Immediately following a gene duplication, changes might accumulate more rapidly in one of the copies, eventually leading to a new function (or to its disuse in the form of a pseudogene). If a new function develops, the gene then evolves at the same, slower rate characteristic of the original function. Probably this is the sort of mechanism responsible for the separation of functions between embryonic and adult globin genes.

Yet, there are instances in which duplicated genes retain the same function, encoding identical or nearly identical products. Identical polypeptides are encoded by the two human α-globin genes, and there is only a single amino acid difference between the two γ-globin polypeptides. How does selection maintain their sequence identities?

The most obvious possibility is that the two genes do not actually have identical functions but instead differ in some (undetected) property, such as time or place of expression. Another possibility is that the need for two copies is quantitative because neither by itself produces a sufficient amount of product.

However, in more extreme cases of repetition, it is impossible to avoid the conclusion that no single copy of the gene is essential. When there are many copies of a gene, the immediate effects of mutation in any one copy must be very slight. The consequences of an individual mutation are diluted by the large number of copies of the gene that retain the wild-type sequence. Many mutant copies could accumulate before a lethal effect is generated.

Lethality becomes quantitative, a conclusion reinforced by the observation that half of the units of the rDNA cluster of X. laevis or D. melanogaster can be deleted without ill effect. So how are these units prevented from gradually accumulating deleterious mutations? What chance is there for the rare favorable mutation to display its advantages in the cluster?

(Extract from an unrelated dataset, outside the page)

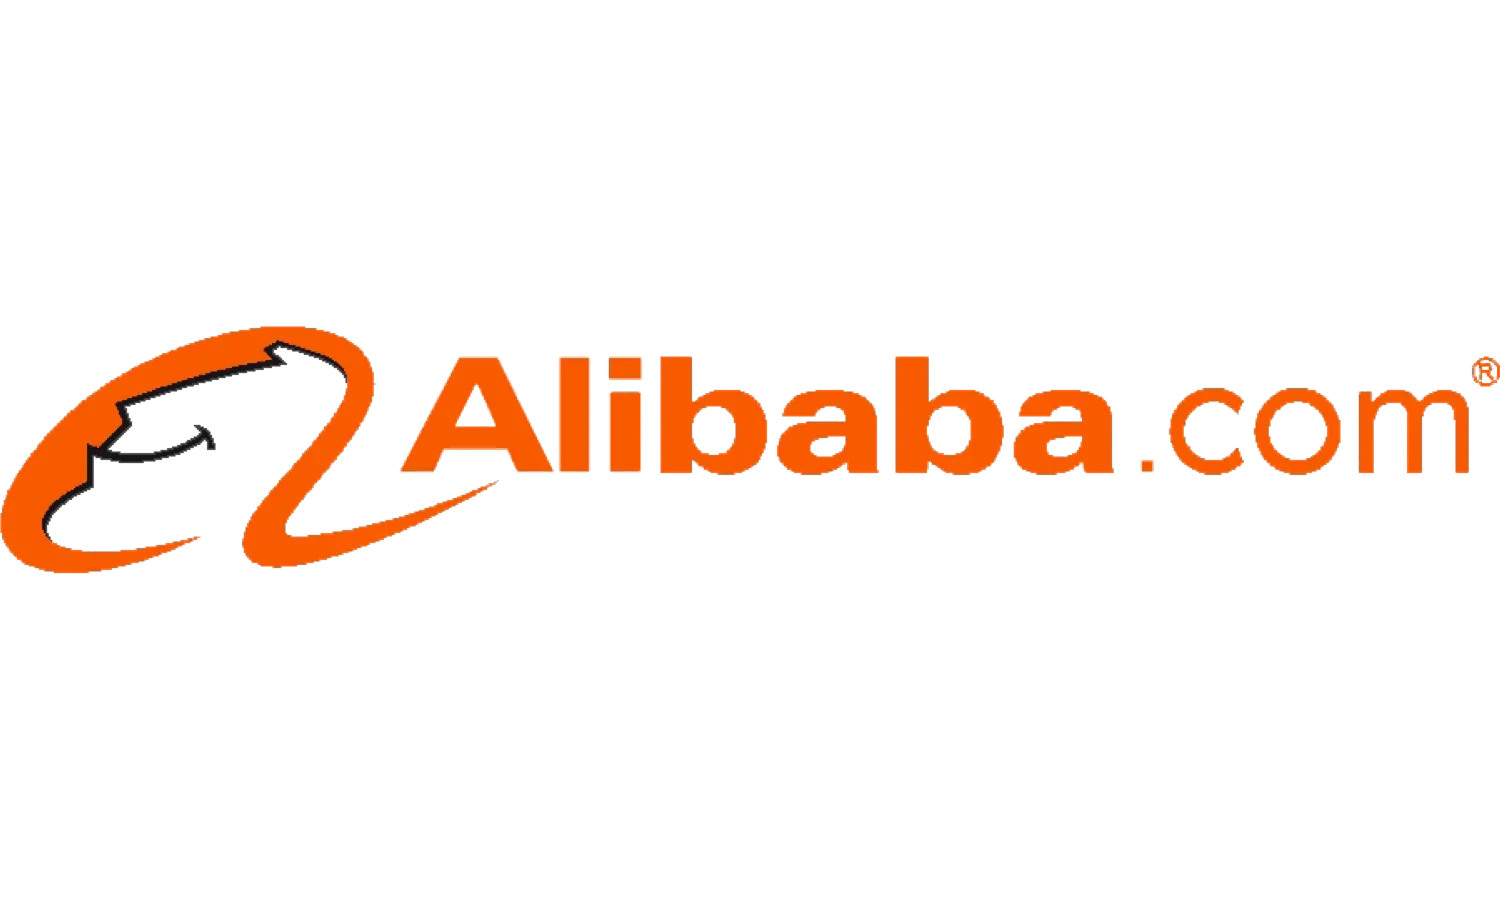 Alibaba Gutschein

The basic principle of hypotheses that explain the maintenance of identity among repeated copies is to suppose that nonallelic genes are continually regenerated from one of the copies of a preceding generation. In the simplest case of two identical genes, when a mutation occurs in one copy, either it is by chance eliminated (because the sequence of the other copy takes over) or it is spread to both duplicates. Spreading exposes a mutation to selection. The result is that the two genes evolve together as though only a single locus existed. This is called concerted evolution or coincidental evolution. It can be applied to a pair of identical genes or (with further assumptions) to a cluster containing many genes. For example, the tandemly repeated rRNA gene copies discussed extensively earlier in the chapter show concerted evolution. rDNA clusters tend to have identical copies within genomes of a wide variety of prokaryotic and eukaryotic organisms, while showing variation among different species.

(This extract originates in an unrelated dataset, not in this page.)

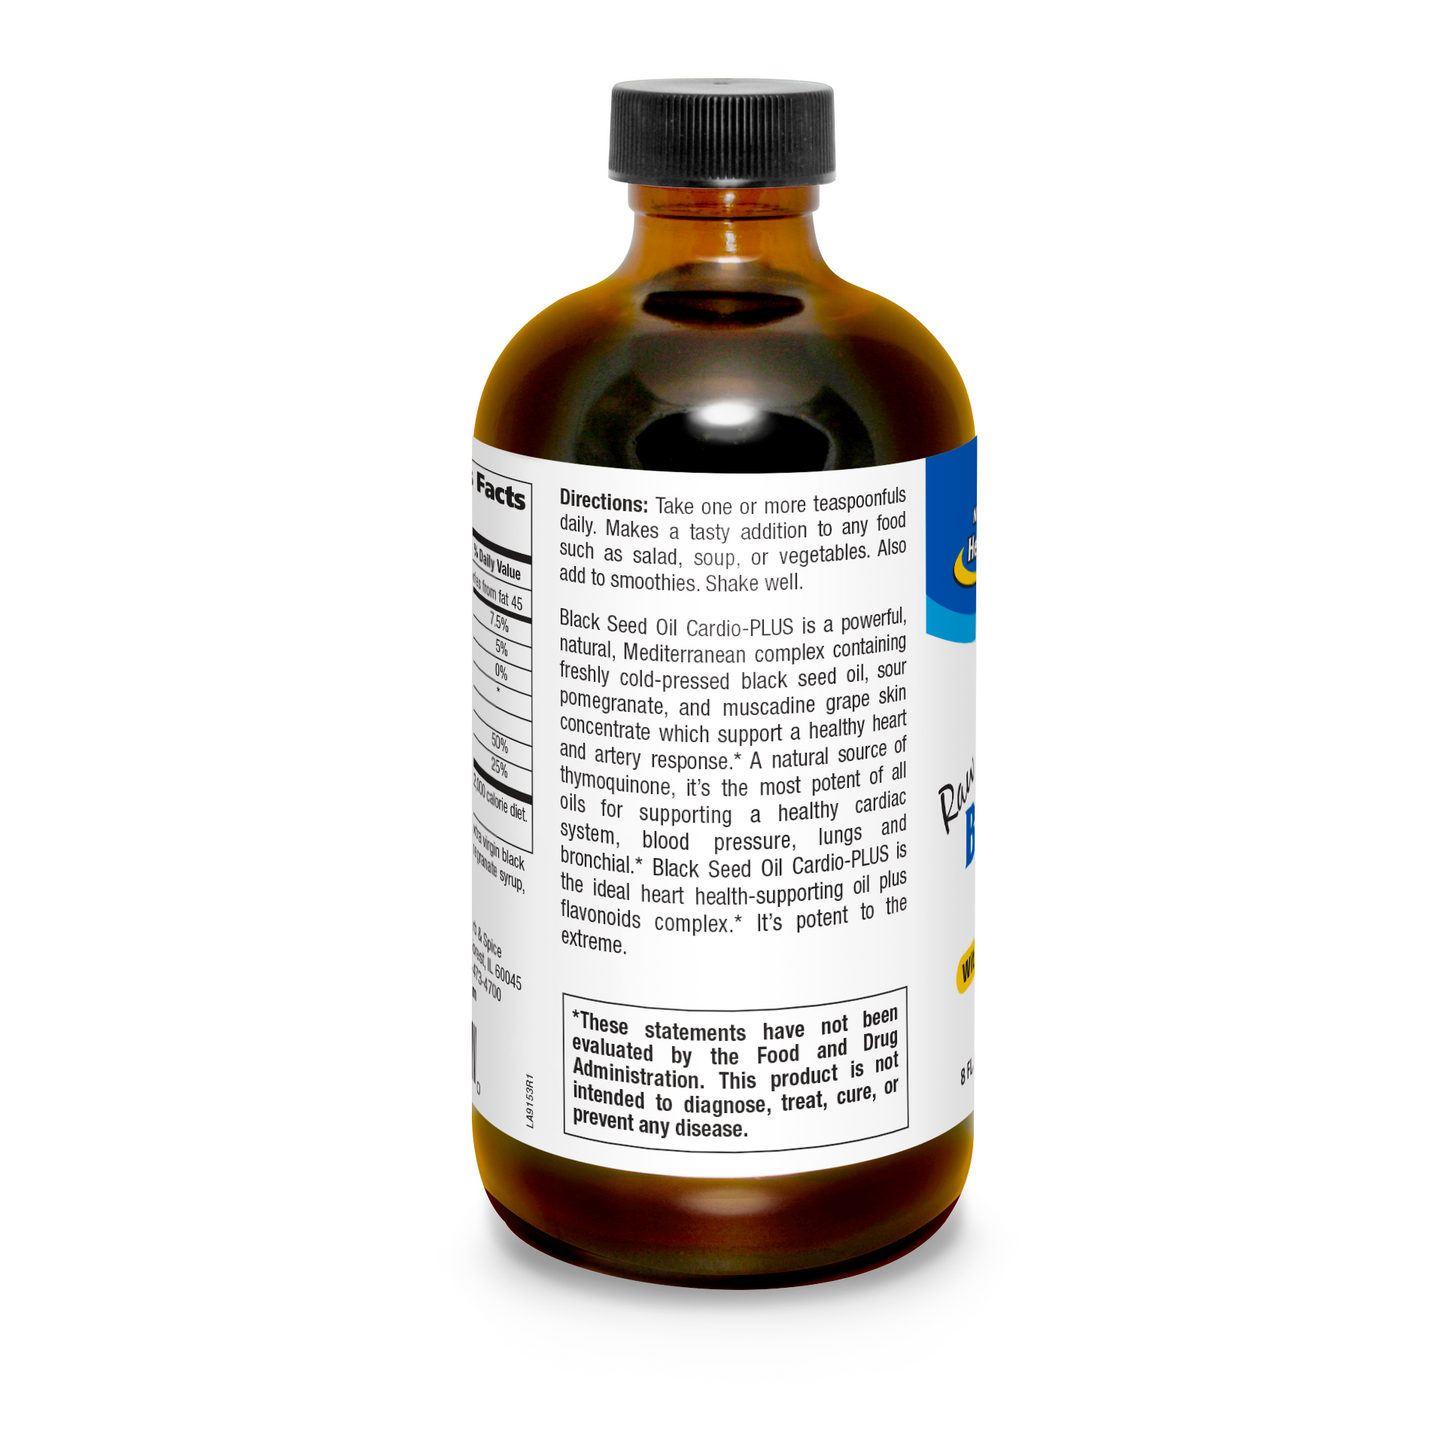 Black Seed Oil Cardio-Plus

One mechanism for this concerted evolution is that the sequences of the nonallelic genes are directly compared with one another and homogenized by enzymes that recognize any differences. This can be done by exchanging single strands between them to form a duplex in which one strand derives from one copy and one strand derives from the other copy. Any differences are revealed as improperly paired bases, which are recognized by enzymes able to excise and replace a base, so that only A-T and G-C pairs remain. This type of event is called gene conversion and is associated with genetic recombination. Researchers should be able to ascertain the scope of such events by comparing the sequences of duplicate genes. If these duplicate genes are subject to concerted evolution, we should not see the accumulation of synonymous substitutions (those that do not change the amino acid sequence; see the Genome Sequences and Evolution chapter) between them because the homogenization process applies to these as well as to the nonsynonymous substitutions (those that do change the amino acid sequence). We know that the extent of the maintenance mechanism need not extend beyond the gene itself because there are cases of duplicate genes whose flanking sequences are entirely different. Indeed, we might see abrupt boundaries that mark the ends of the sequences that were homogenized.

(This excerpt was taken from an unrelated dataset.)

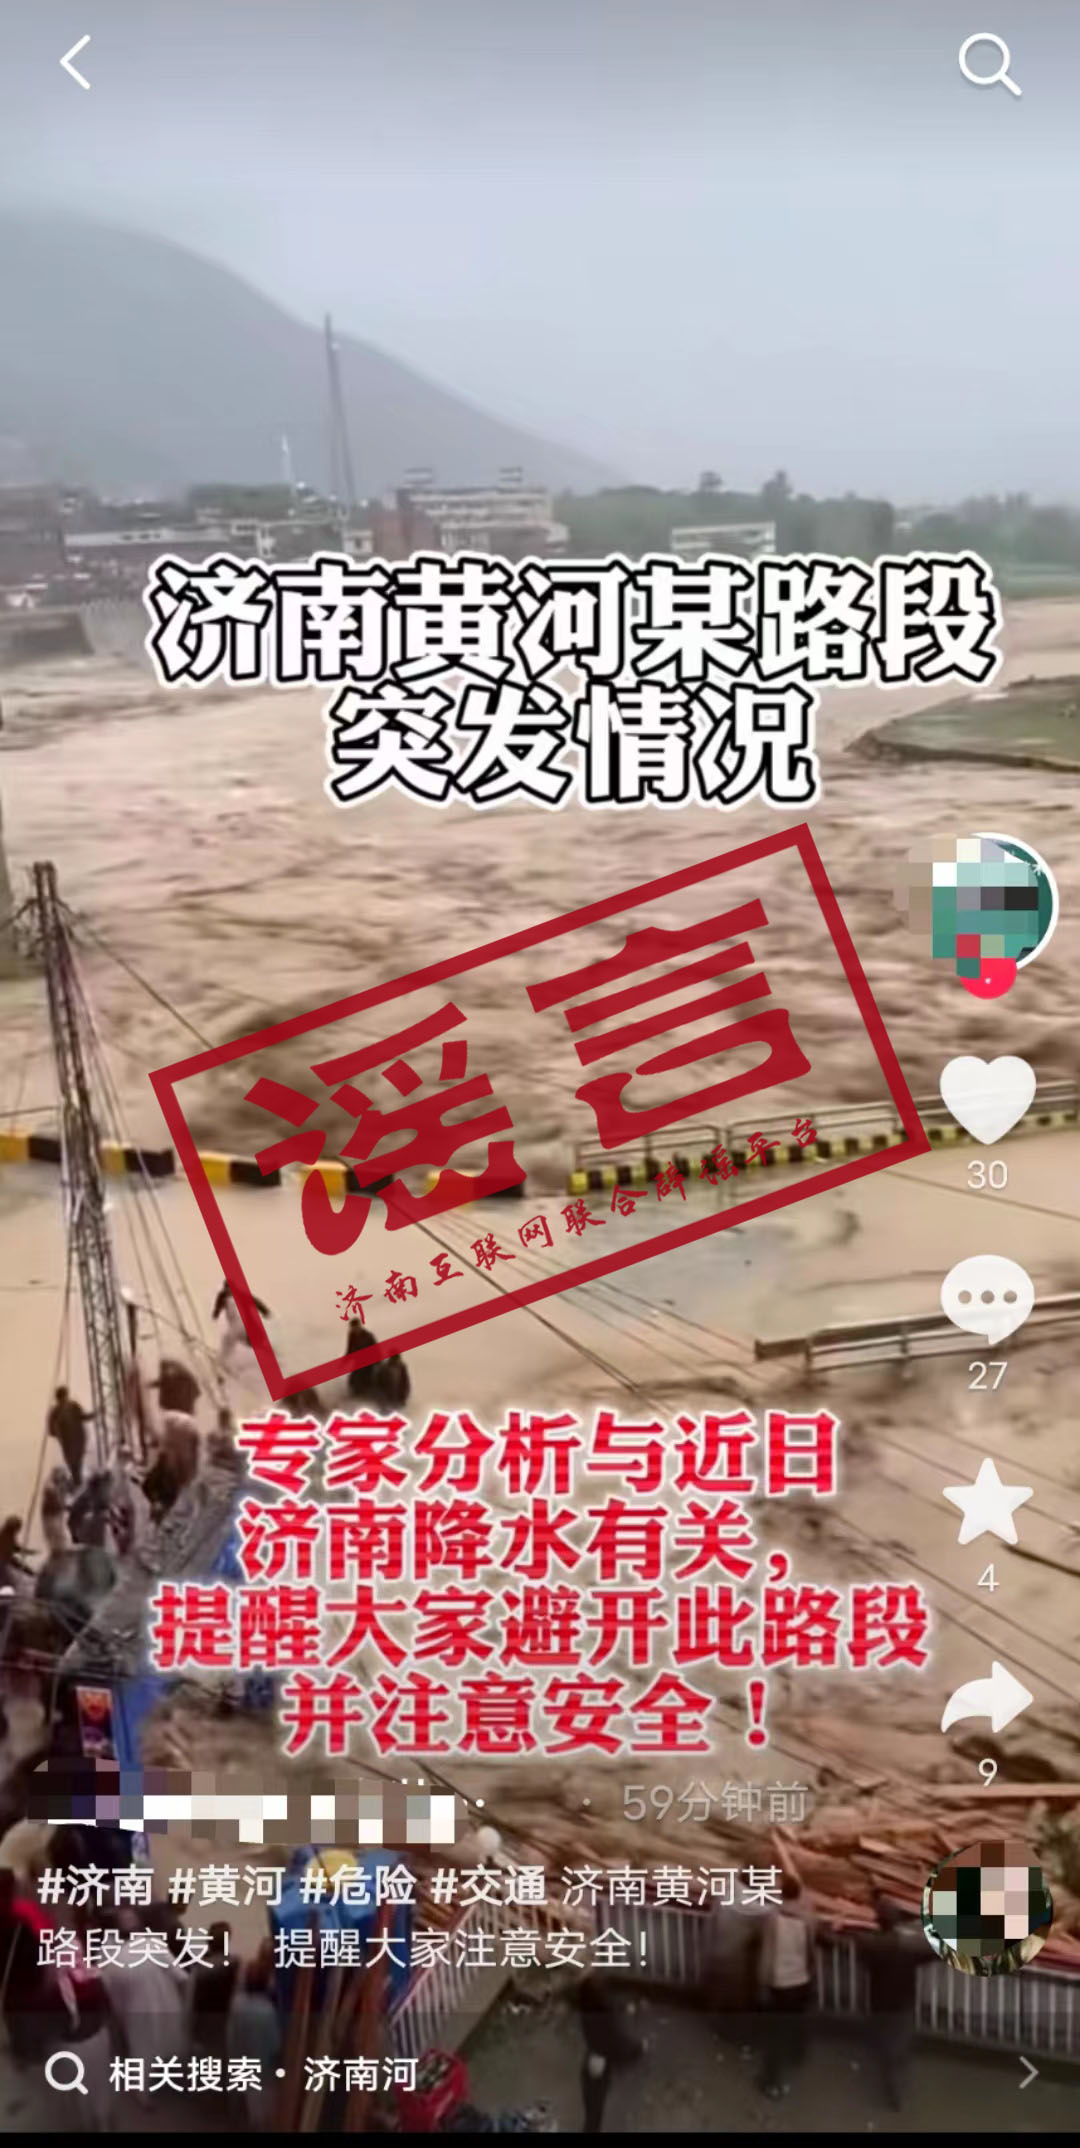 “济南黄河某路段突发情景” 为假新闻！

We must remember that the existence of such mechanisms can invalidate the determination of the history of such genes via their divergence, because the divergence reflects only the time since the last homogenization/regeneration event, not the original duplication.

The crossover fixation model suggests that an entire cluster is subject to continual rearrangement by the mechanism of unequal crossing-over. Such events can explain the concerted evolution of multiple genes if unequal crossing-over causes all the copies to be physically regenerated from one copy.

Following the sort of event depicted in Figure 6.4, for example, the chromosome carrying a triple locus could suffer deletion of one of the genes. Of the two remaining genes, 1.5 represent the sequence of one of the original copies; only a half of the sequence of the other original copy has survived. Any mutation in the first region now exists in both genes and is subject to selection.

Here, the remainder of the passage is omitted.